L’esito del recente referendum sulla riforma dell’ordinamento giudiziario, con la sua chiara indicazione di voler preservare l’unità delle carriere magistratili, impone ora un’urgenza di riflessione e di intervento sul Codice di Procedura Penale.
Il Ministro della Giustizia, Carlo Nordio, lo ha sottolineato durante il Congresso Nazionale Forense, evidenziando come la preservazione di un giusto processo sia un imperativo imprescindibile, soprattutto alla luce delle mutate circostanze.
Il fulcro della questione risiede nel degrado progressivo del contraddittorio, pilastro fondamentale del processo equo e trasparente.
Non si tratta di una regressione recente, ma di un processo sedimentato attraverso una serie di modifiche legislative che, sommandosi, hanno alterato la sua essenza.
Queste modifiche, sebbene spesso motivate da intenti apparentemente positivi – come l’accelerazione dei tempi processuali o la maggiore efficienza – hanno in realtà eroso le garanzie procedurali, introducendo elementi di distorsione e favorendo una narrazione unilaterale dei fatti.
L’erosione del contraddittorio non è un mero tecnicismo giuridico; incide profondamente sul diritto alla difesa, sulla presunzione di innocenza e, in ultima analisi, sulla fiducia dei cittadini nei confronti della giustizia.
Il rischio concreto è quello di assistere al ritorno a un modello processuale incentrato prevalentemente sulla documentazione scritta, dove le argomentazioni delle parti vengono filtrate attraverso una lente interpretativa che ne limita la piena espressione.
Non si può negare, in questo scenario, l’eco di modelli processuali storici, sebbene l’iperbole di paragonarli ai tempi dell’Inquisizione possa risultare eccessiva, rimane però significativa l’analogia con una procedura opaca e priva di un’effettiva dialettica tra le parti.
La separazione delle carriere, come espressamente voluta dal voto popolare, introduce una nuova complessità e un’opportunità.
La revisione del Codice di Procedura Penale deve quindi mirare a ripristinare la centralità del contraddittorio, non come un mero formalismo da espletare, ma come un vero e proprio confronto dialettico tra le parti, con la piena partecipazione del giudice, garante dell’imparzialità e della correttezza del processo.
Questo intervento non si limita a una mera rimodulazione di articoli specifici; richiede una revisione concettuale del ruolo del giudice, della funzione delle prove e del peso delle argomentazioni.
Si tratta di recuperare un modello processuale che valorizzi l’oralità, che promuova la trasparenza e che assicuri a ogni parte la possibilità di far valere le proprie ragioni in condizioni di parità.

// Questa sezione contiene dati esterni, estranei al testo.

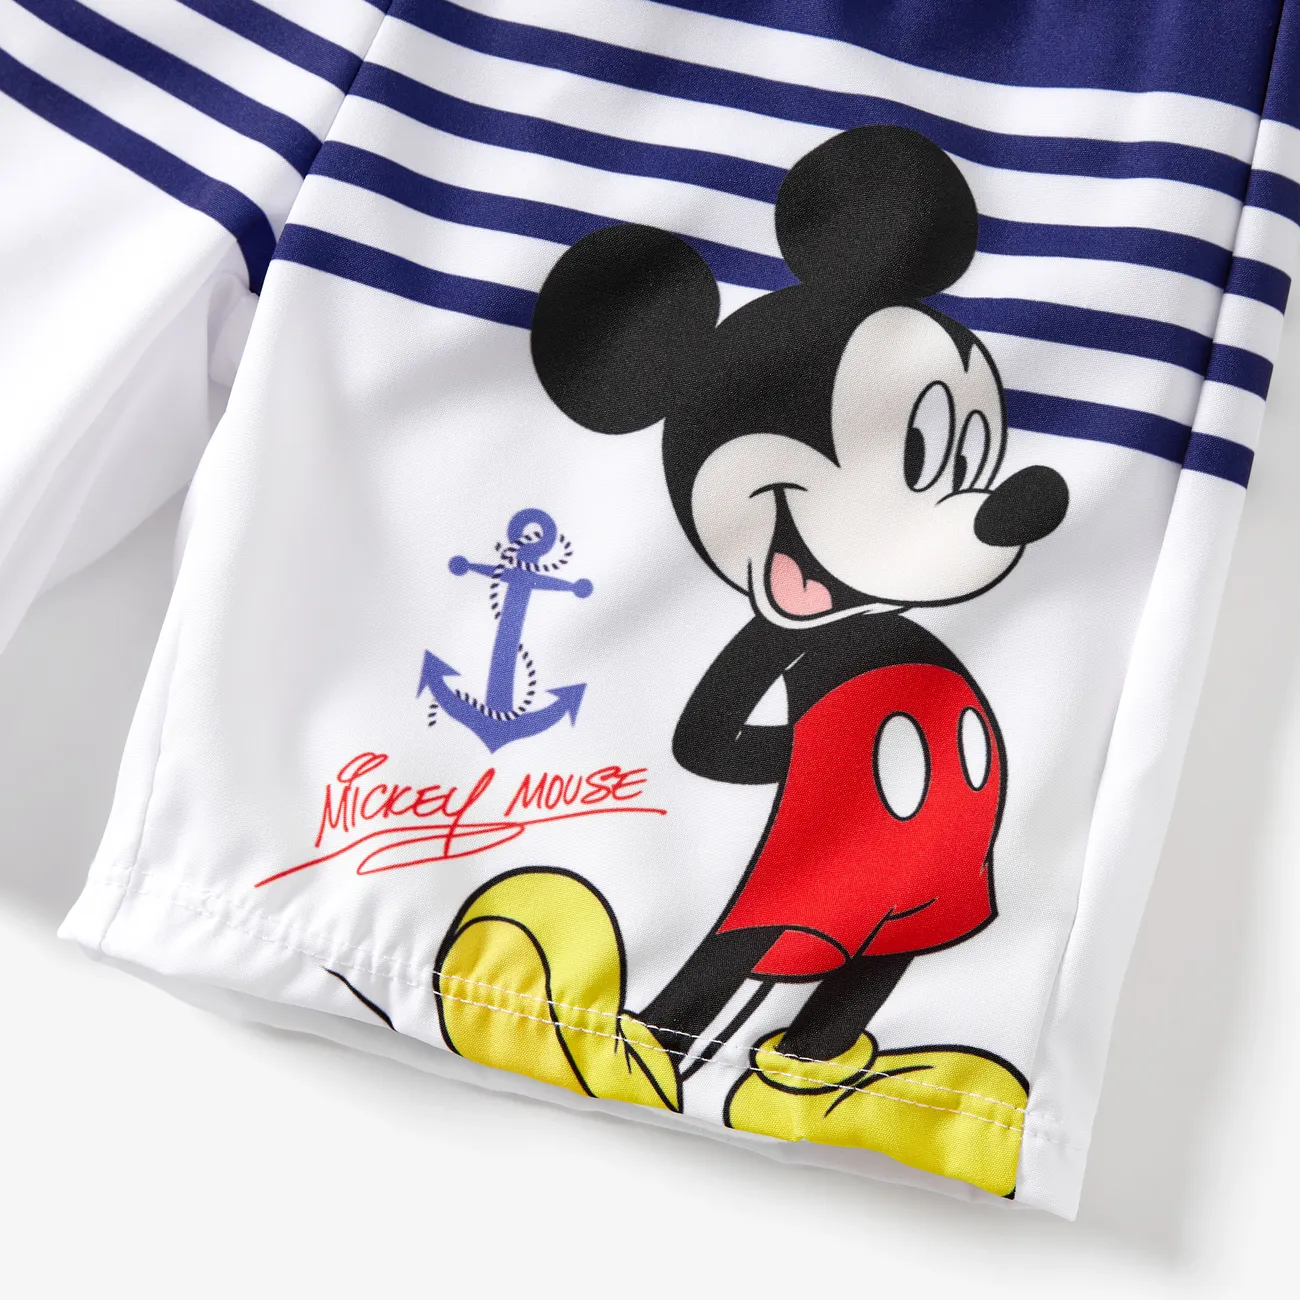 Disney Mickey and Friends للجنسين حافة كشكشة طفولي ملابس سباحة أزرق غامق big image 1

Solo così sarà possibile evitare che la giustizia, un pilastro fondamentale dello Stato democratico, si trasformi in un meccanismo autoreferenziale e privo di credibilità.
La sfida, ora, è quella di tradurre questa consapevolezza in azioni concrete, consapevoli che la riforma del processo penale è un investimento a lungo termine per la tutela dei diritti e la salvaguardia della legalità.